- YOUR GOAL
Give back the data exactly, with no images.

- DATA BLOCK
--- START ---
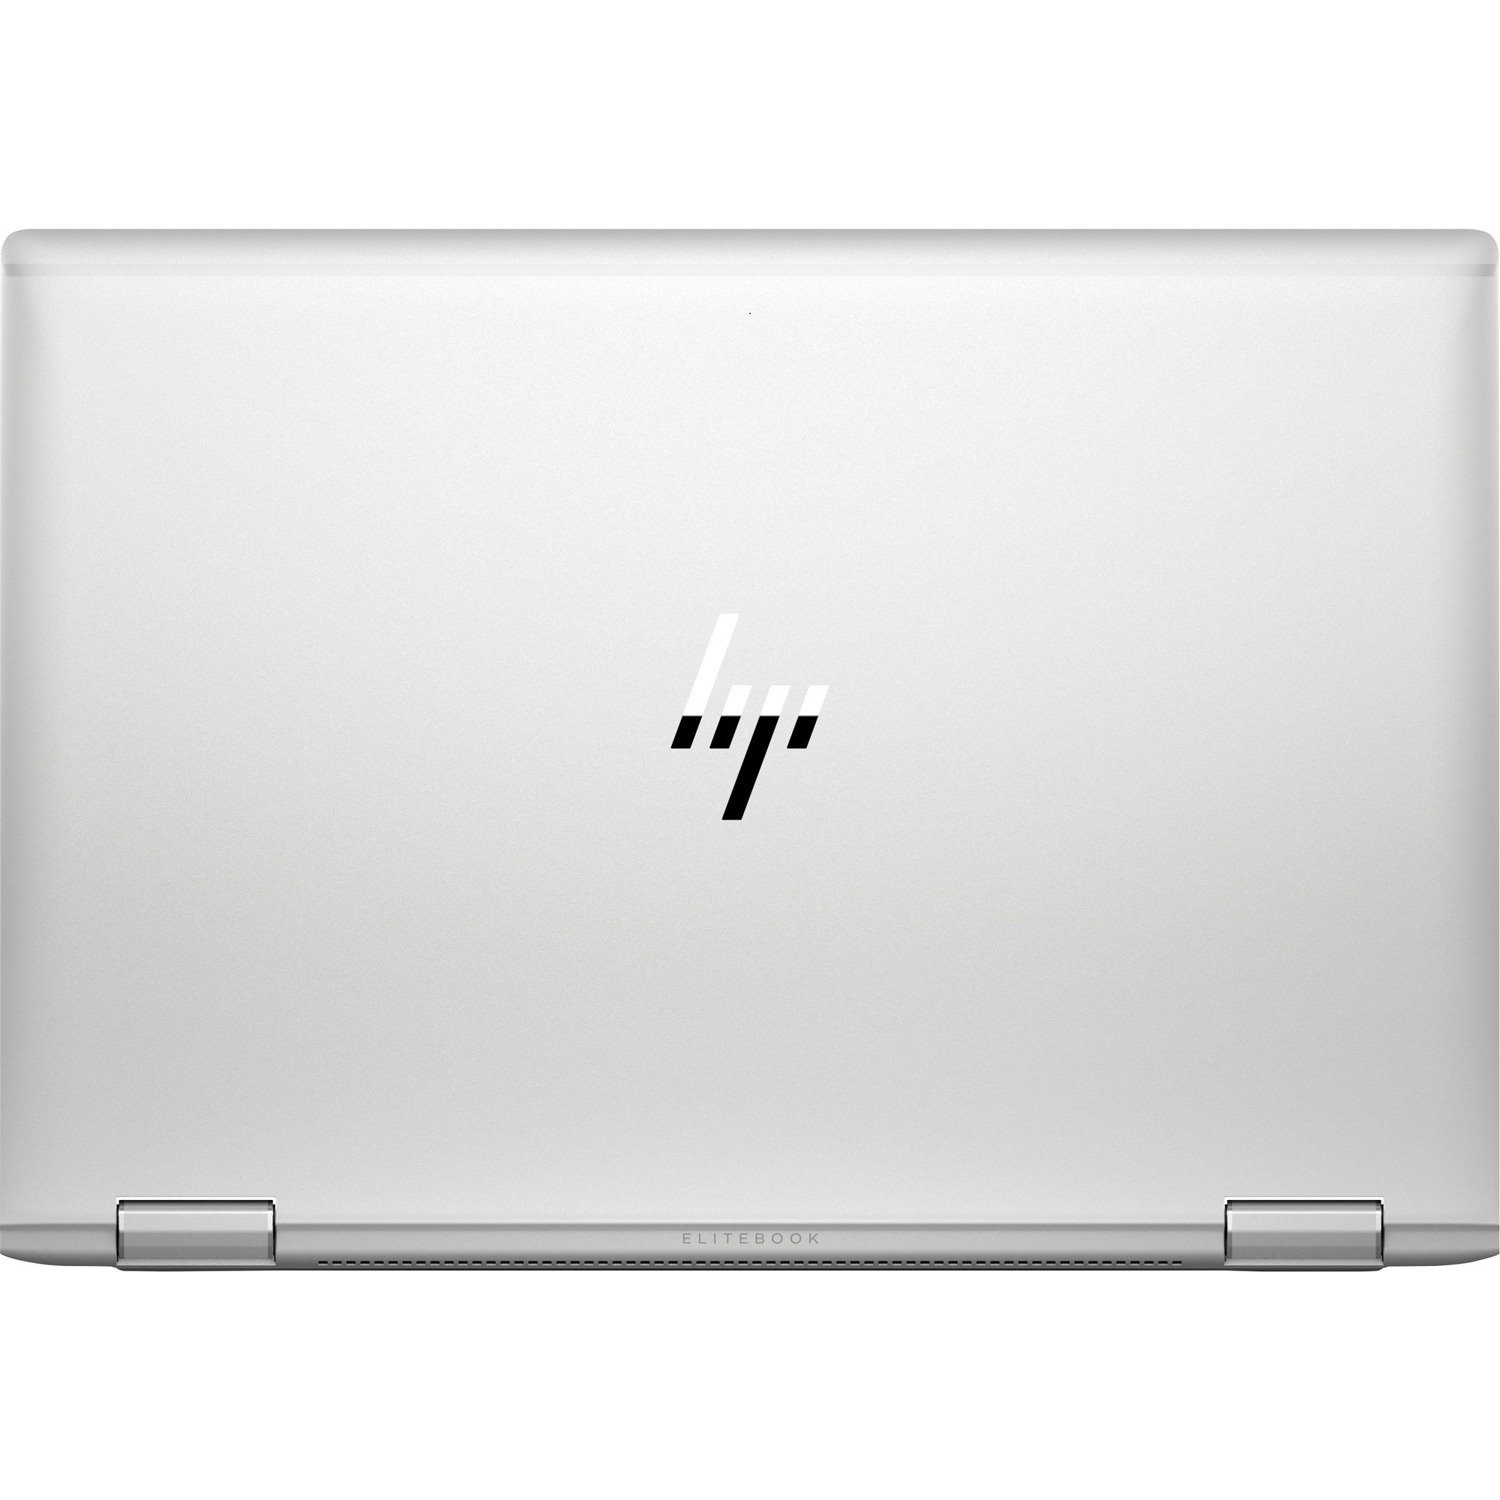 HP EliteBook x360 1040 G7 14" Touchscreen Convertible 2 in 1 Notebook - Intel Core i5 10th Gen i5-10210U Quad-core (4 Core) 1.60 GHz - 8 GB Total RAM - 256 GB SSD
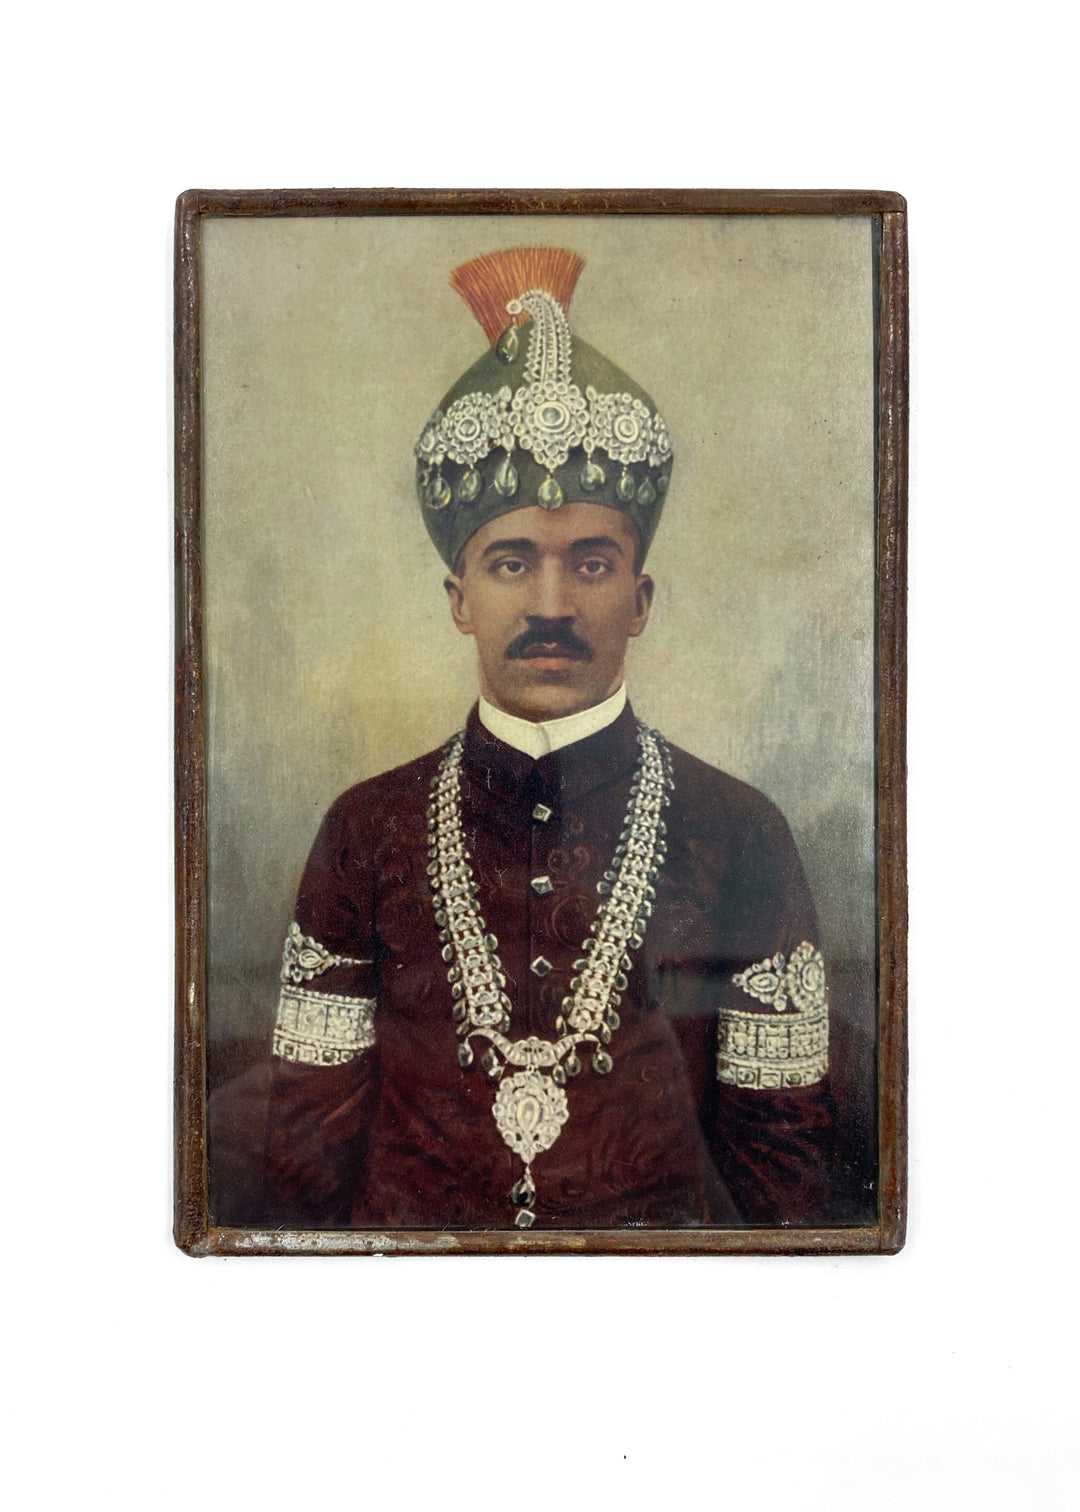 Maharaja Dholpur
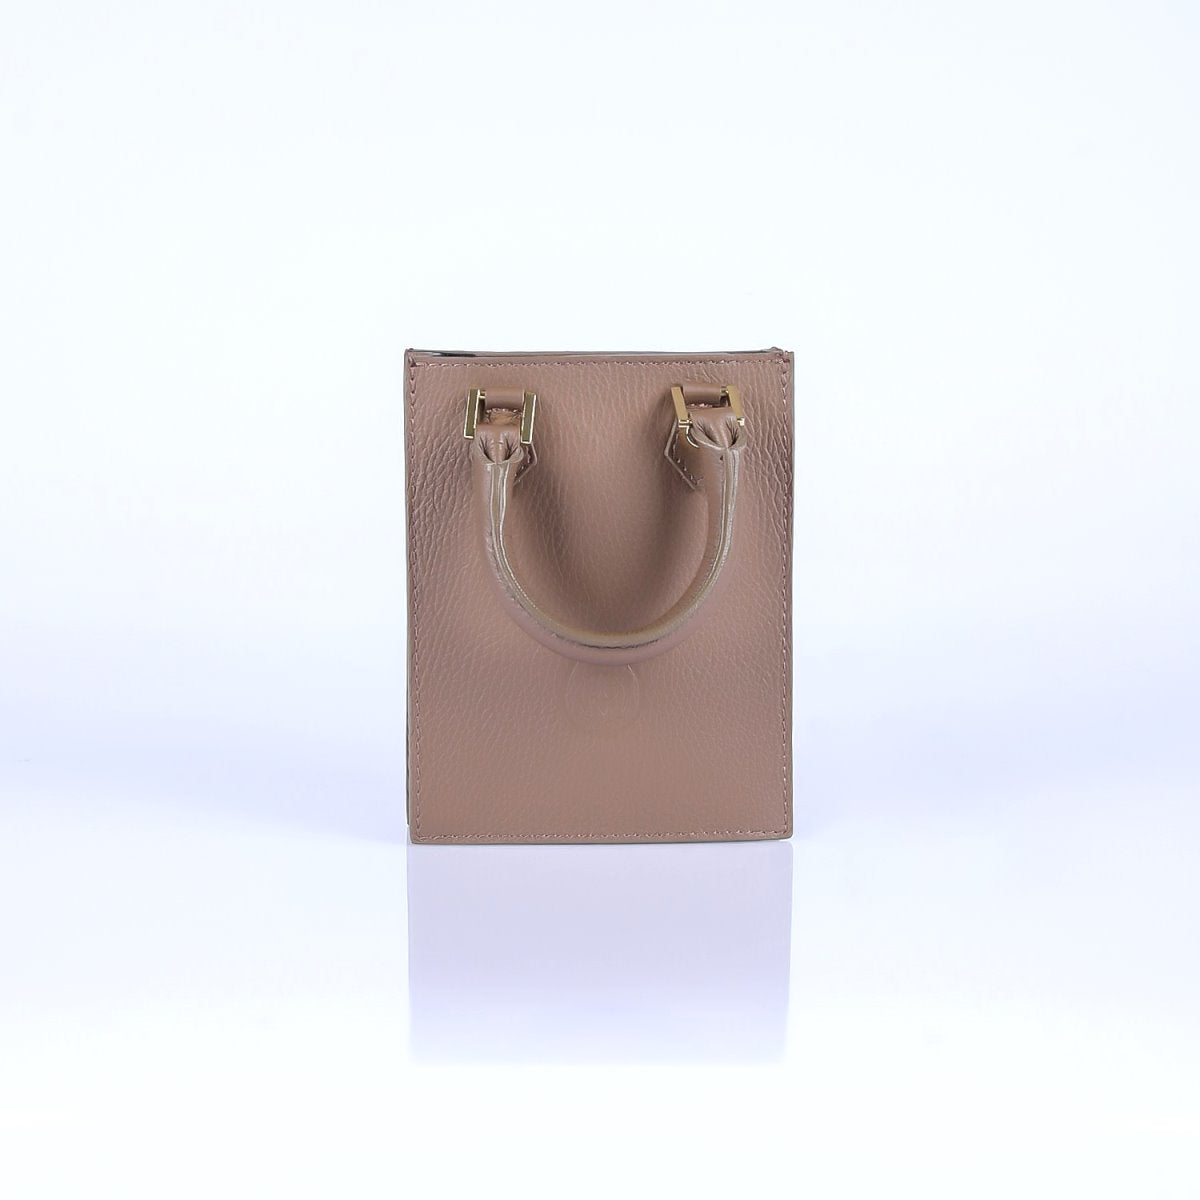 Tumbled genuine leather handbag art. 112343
--- END ---
- WRITTEN ANSWER
 HP EliteBook x360 1040 G7 14" Touchscreen Convertible 2 in 1 Notebook - Intel Core i5 10th Gen i5-10210U Quad-core (4 Core) 1.60 GHz - 8 GB Total RAM - 256 GB SSD
 Maharaja Dholpur
 Tumbled genuine leather handbag art. 112343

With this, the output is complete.